Otherwise I am fairly ignorant of Texas’ political economy and don’t really know what has driven the growth of the state or if there is a connection between that and the cities therein. Are there disparities between the wealthy regions of Texas and the poor regions? Or is the distribution fairly homogenous? Questions questions questions.
Since this is the Urbanophile I was hoping that there would be some connection to the cities in Texas, which is why I feel this is incomplete.
There is no miracle occurring in Texas – other than that resulting from government largesse. The only jobs “created” are government jobs or government dependent jobs. When the money pipeline stops flowing, the false boom will go bust.
Since this is my first comment on this blog, I should first point out that I’ve generally found your analysis of trends and issues in urban planning to be enlightening, and especially appreciate the healthy dose of skepticism and the relative rigor you apply to the analysis of statistical data.

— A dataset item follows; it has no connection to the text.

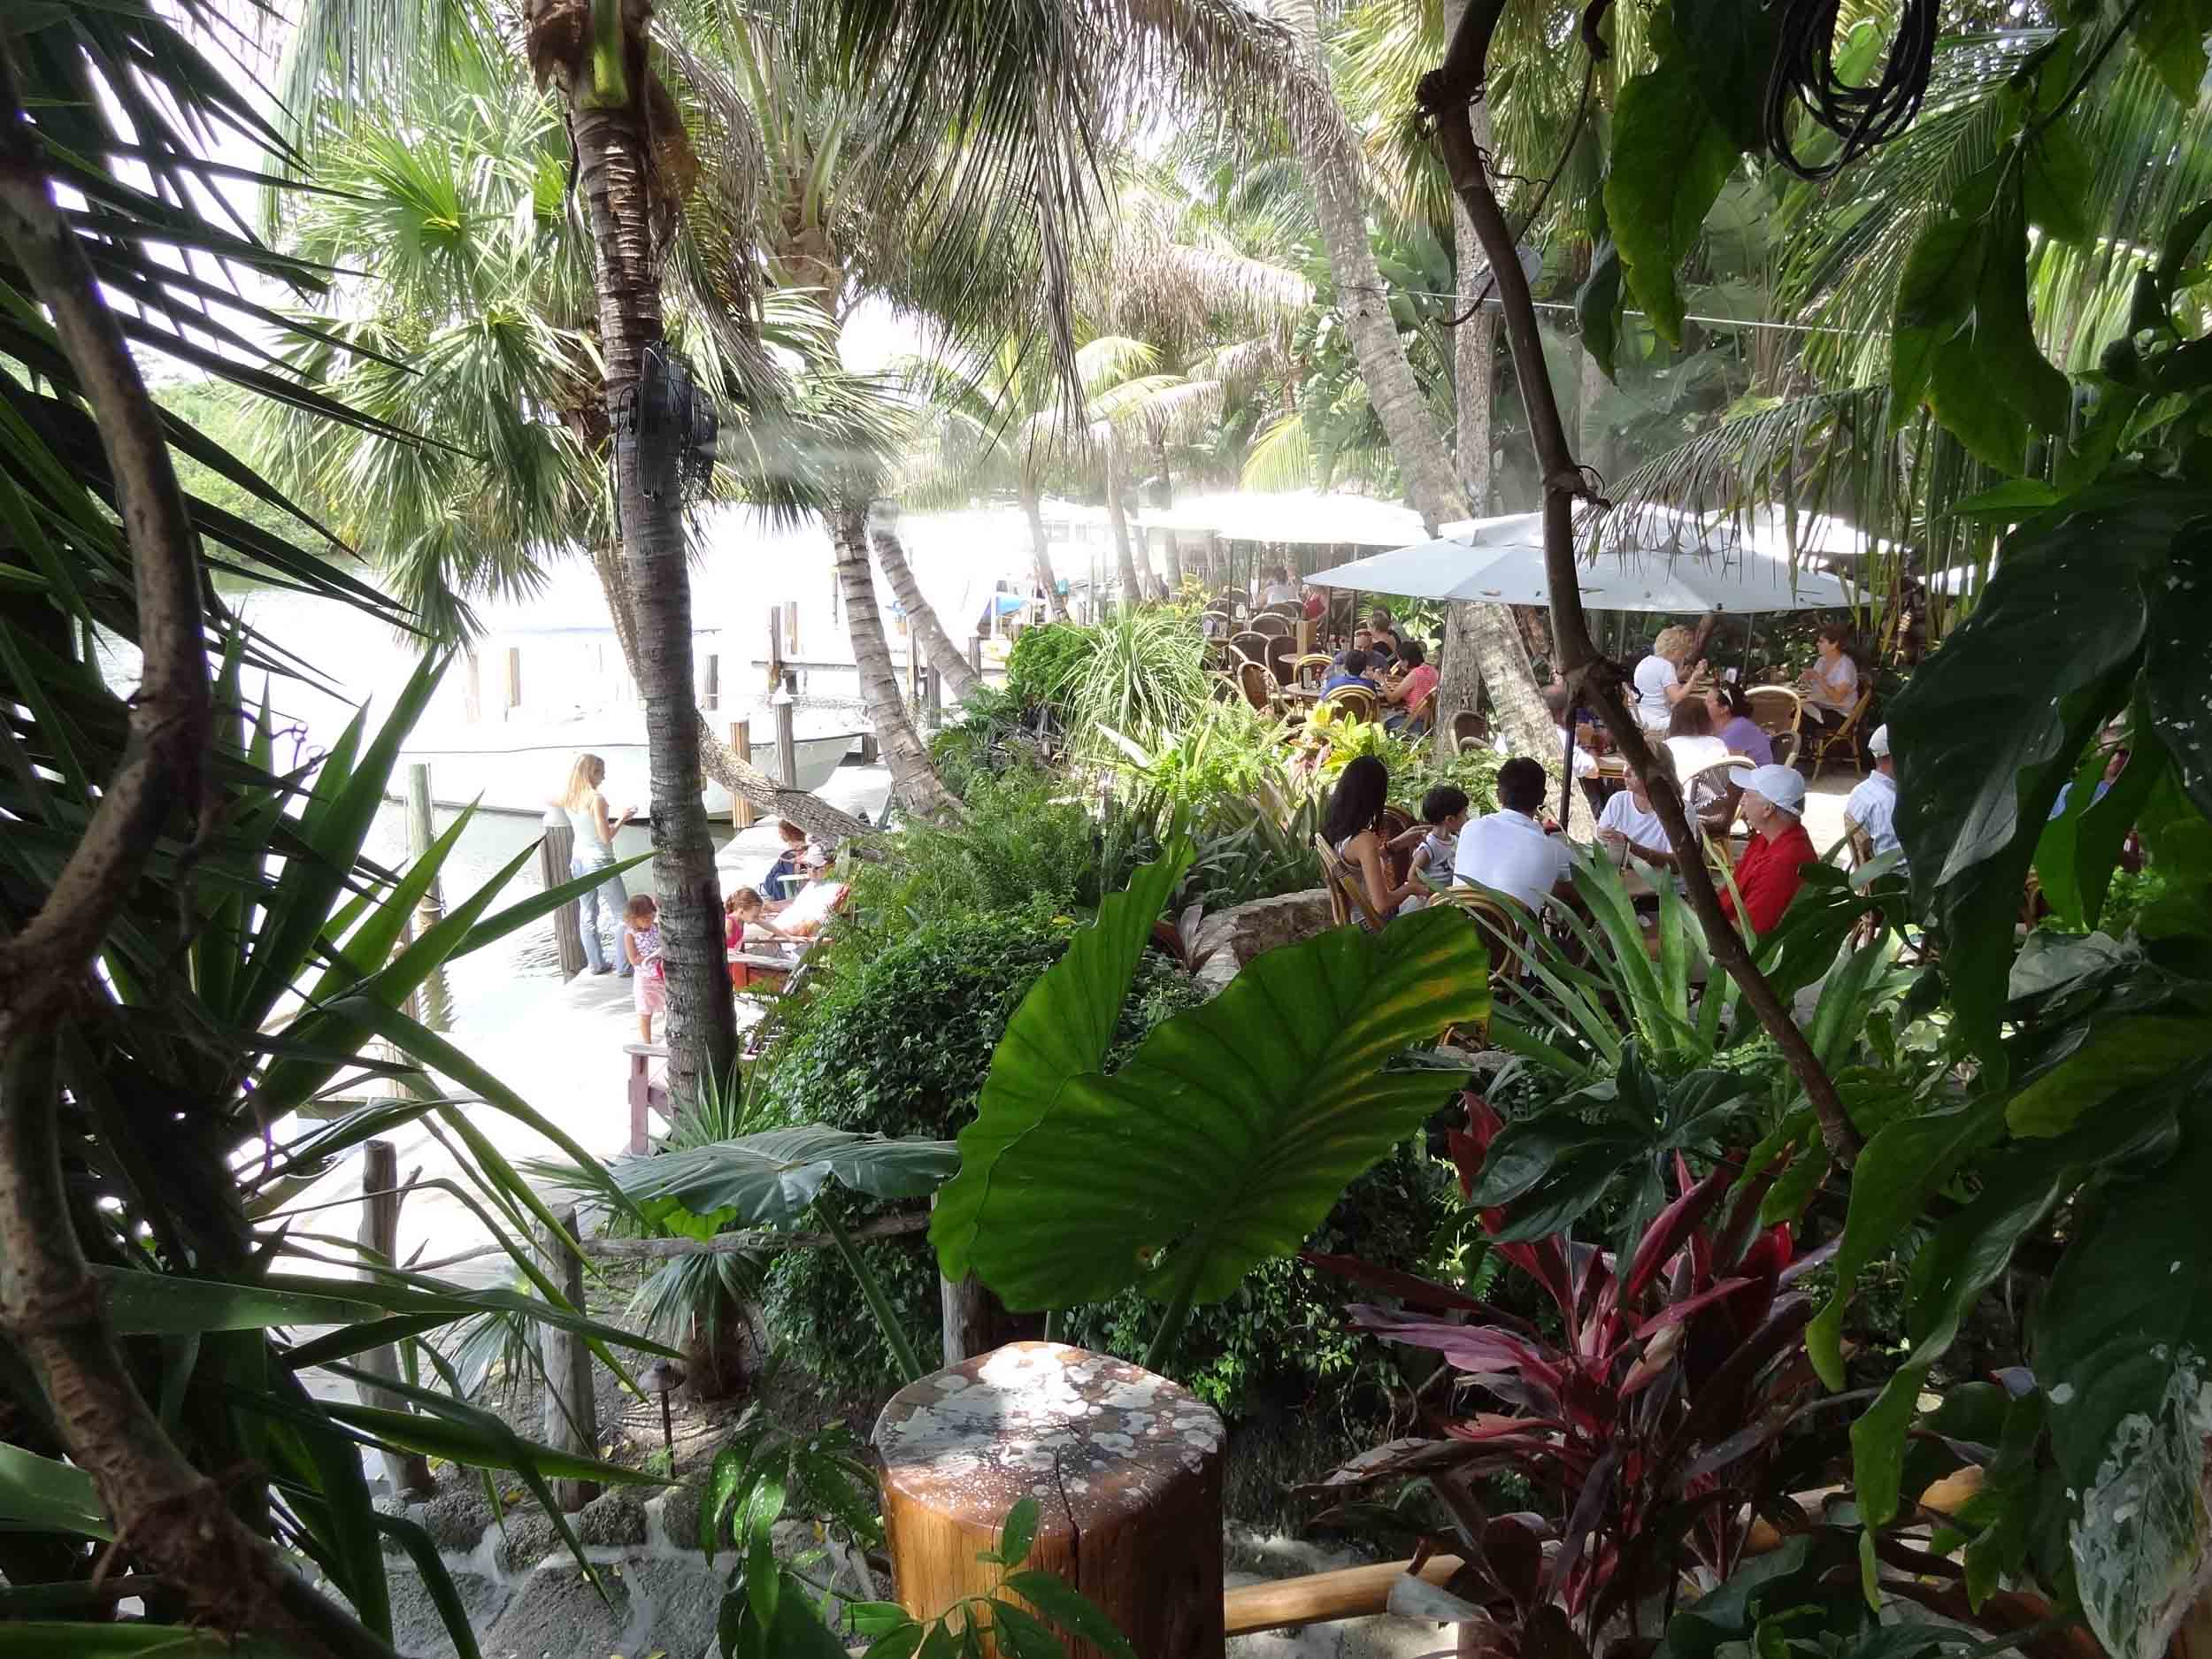 Guanabanas Seating Area

But this article is deeply disappointing, even after considering your admission that you’re only looking at “top level data.” Your concluding comments that “it seems clear that Texas is a winner” and that it “does not appear that Texas purchased job growth at the expense of job quality” seem grossly misleading and unsubstantiated by the evidence you present. Based on a year of reading your blog, I’m guessing that you lingered more on the “nuance in numbers” than is revealed here, but the overall tone of the piece is that on the whole, “Texas is doing something right.” The natural implication, intentional or not, is that the rest of the U.S. might do well to emulate that- and it’s easy to discern through a quick glance that the readers of “New Geography” (clearly not a non-partisan publication) are likely to believe just that.
I’m reading the same graphs that you prepared and am interpreting them much differently. The Unemployment Rate chart actually shows that over the last couple of years, Texas’ unemployment rate is quickly spiking UP relative to the national average- i.e. while Texas currently has a better than average unemployment rate, Texas has been LOSING jobs much faster than the nation as a whole during the past two years (up from 80% of the national average to over 90% of the national average). Later, you admit that the “total GDP” chart “can mislead if looked at alone”- so why even print it without first adjusting for the changing denominator (i.e., population growth)? The graph of Average Weekly Wage seems to show that the different between Texas and the U.S. isn’t even statistically significant (and I can only hope you’re looking at median and not mean here). The other measures you present (median household income, personal income, and poverty comparisons) don’t exactly show Texas to be a positive national example.
How does this disprove that “Texas purchased job growth at the expense of job quality”? It doesn’t. And you’re not even off-handedly acknowledging the critically limited implications of an economics-only analysis of quality of life (e.g. what about the quality of tax-funded services such as education, as well as the long-term implications of environmental impact, etc.).
I agree that the “Texas story can’t simply be discounted.” And I appreciate that your title reframes the Texas “miracle” as just a Texas “story.” A “story” is all that it is… Can we learn something from what is and isn’t working in Texas? Absolutely. But such bold conclusions oversimplify a complex reality, one requiring a more rigorous analysis and more thoughtful summary than what you provided here.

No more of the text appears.